The room darkened, the lights came on, and my father continued the evening's entertainment. Finally, it was very dark and the hunters decided they had to go out to their camp. It was my last chance. I waited, but I was still uninvited. I sulked.

They left and Dad turned to me. My sulking and wisecracking hadn't gone unnoticed. He started a lecture on my lack of deference to my elders—an adjunct to his ongoing lecture about my lack of respect for authority and position. Though my cousin and his friends were teenagers, they were my elders. This led to a tirade about my nascent skepticism which he and other adults considered to be a fault. I hated these lectures.

But about then he was cut off by a loud scream from the barn. It was followed by another. Then there was a shot. Dad, who was rarely unsettled by events, stood slack-jawed in the middle of the living room. The screaming escalated and a barrage of gunfire ensued. Then a sickening silence followed. Suddenly, the boys burst through the front door, my cousin clutching a now empty shotgun, his friends empty-handed.

"What in the name of Jehoshaphat is going on?" Dad yelled.

Breathless and trembling my cousin said "Something's in our sleeping bags..."

"What?"

"I think we shot it."

"Shot what?" Dad yelled.

They didn't know, but my cousin and one friend explained how they'd clambered down from the loft in the dark. "I jumped," the third boy said—15 feet to the floor of the barn in total darkness. They didn't know what had happened to their flashlights. None of them remembered yelling. The other two had no idea where their guns were.

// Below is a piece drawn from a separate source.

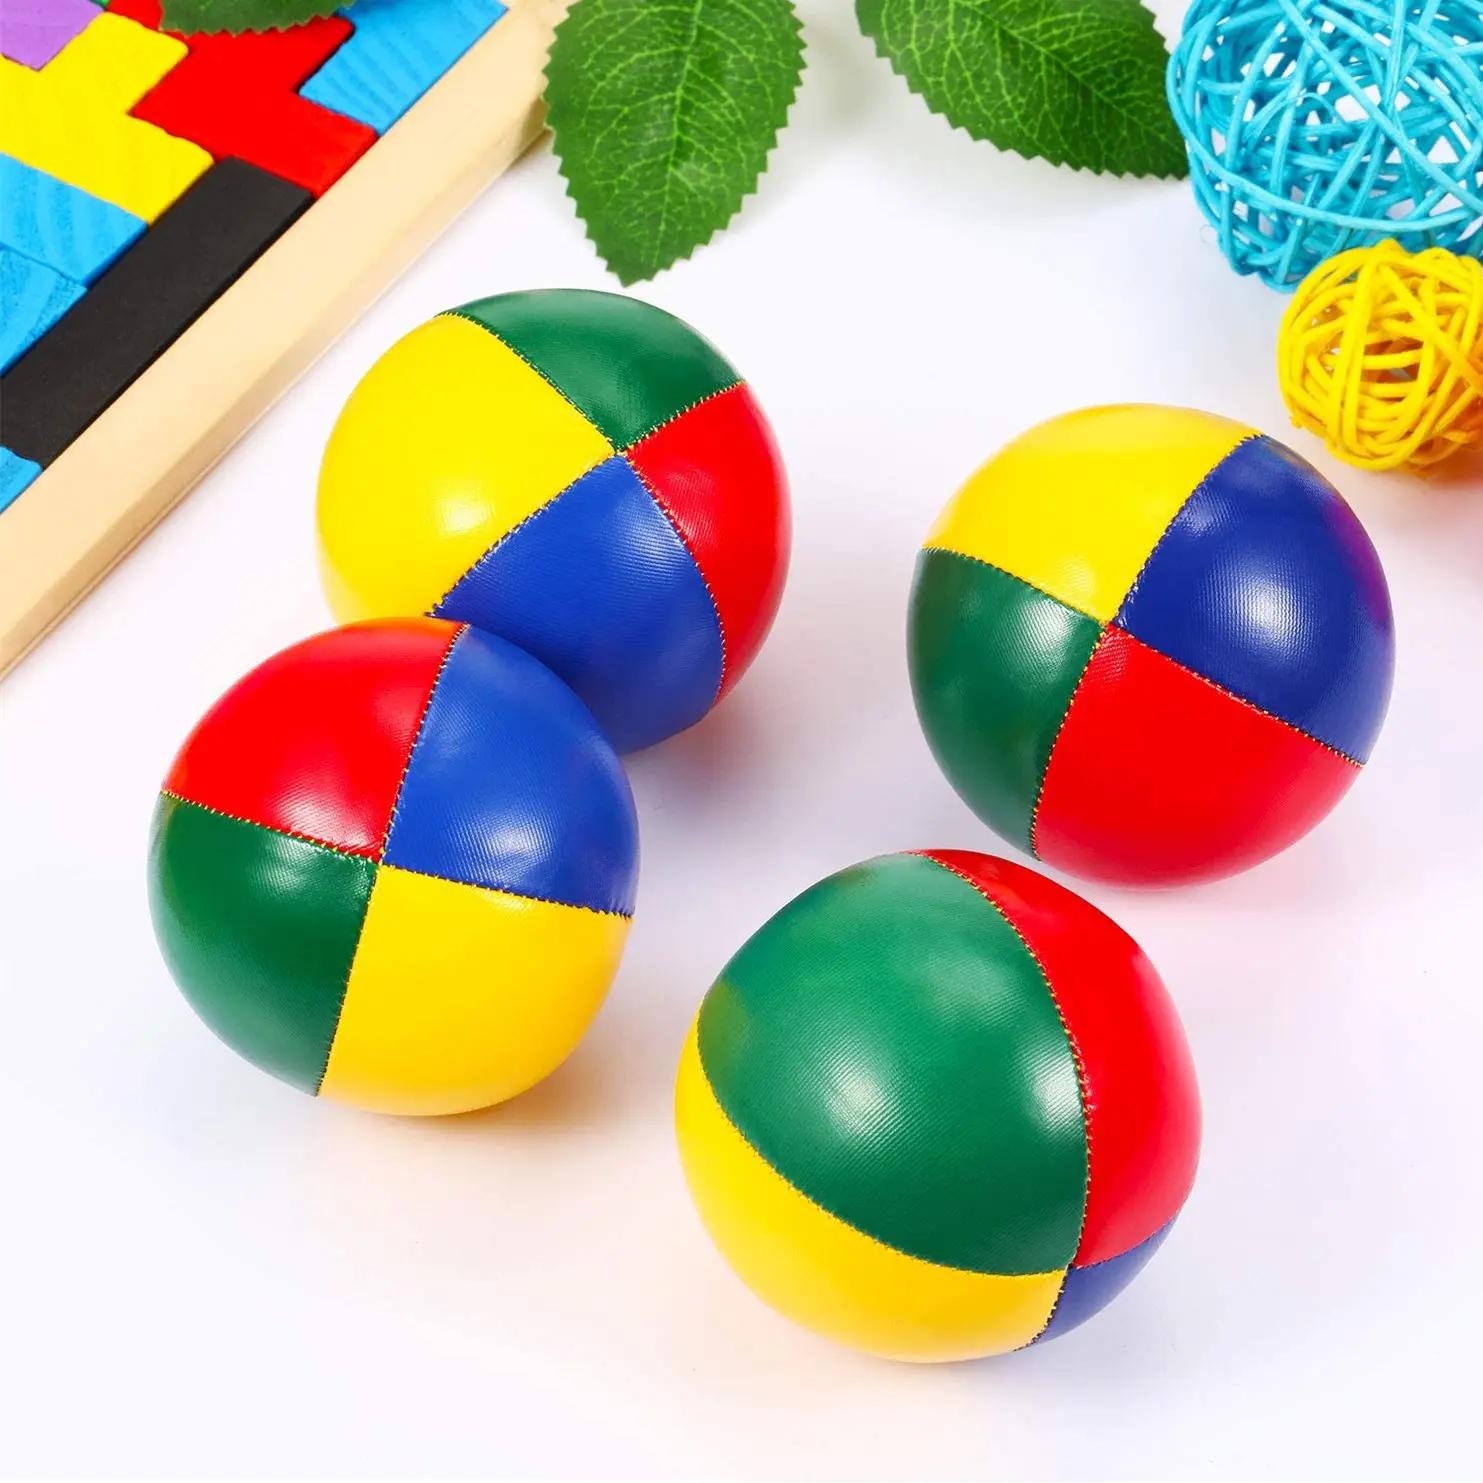 Bola de malabarismo em couro PU macio e durável, conjunto de bolas de malabarismo personalizadas coloridas, jogo divertido para adultos e crianças, novo design

I wanted to take our rifle and go out to see what it was. Dad said no. He still didn't know what it was in the loft. Ashen-faced, he took our .22 and a flashlight and stepped out into the night. The rest of us waited.

The minutes dragged until, suddenly, Dad came back through the door. He had their discarded weapons and broken flashlights. He dragged their sleeping bags behind him. It was the first and last time he ever climbed into that loft.

"What's out there?" my cousin asked.

Dad didn't answer at first.

"What was it?" my cousin persisted.

"Bats got into your sleeping bags."

"Bats?"

Dad nodded.

I started to laugh, "You almost killed each other 'cause of bats?"

Dad cut me off with a scowl I can feel to this day.

We all sat in the living room. They seemed relieved, but none of them made eye contact with me. Every once in awhile I started to laugh again and Dad gave me that look again.

They now decided not to go back out to their "camp." Besides, I don't know if you've ever seen what a 12-gauge does to sleeping bags. It's not pretty. Dad wouldn't have let them go out there again with their guns, anyway. They spent the night on our living room floor.

But before the sun came up I heard them out in our driveway. Their engine was running. From my window I watched their car quietly coast down to the dirt road. They left and never came back.

The events of that night were the first solid evidence I had that I may be right about respect. Some 35 years later, after an incident on a job, a supervisor told me I should respect the position even if I didn't respect the man.

I asked, if those who put that man in the position didn't respect it enough to put a better person in it, why should I respect it? He didn't provide an answer.

Dad could have taken the gun away from me that summer. As it was, he spoke frequently about the older boys and said he would never again let them hunt our property. But the fact is, I always had use of our gun after that, until Dad bought me my own. I guess we know who he respected.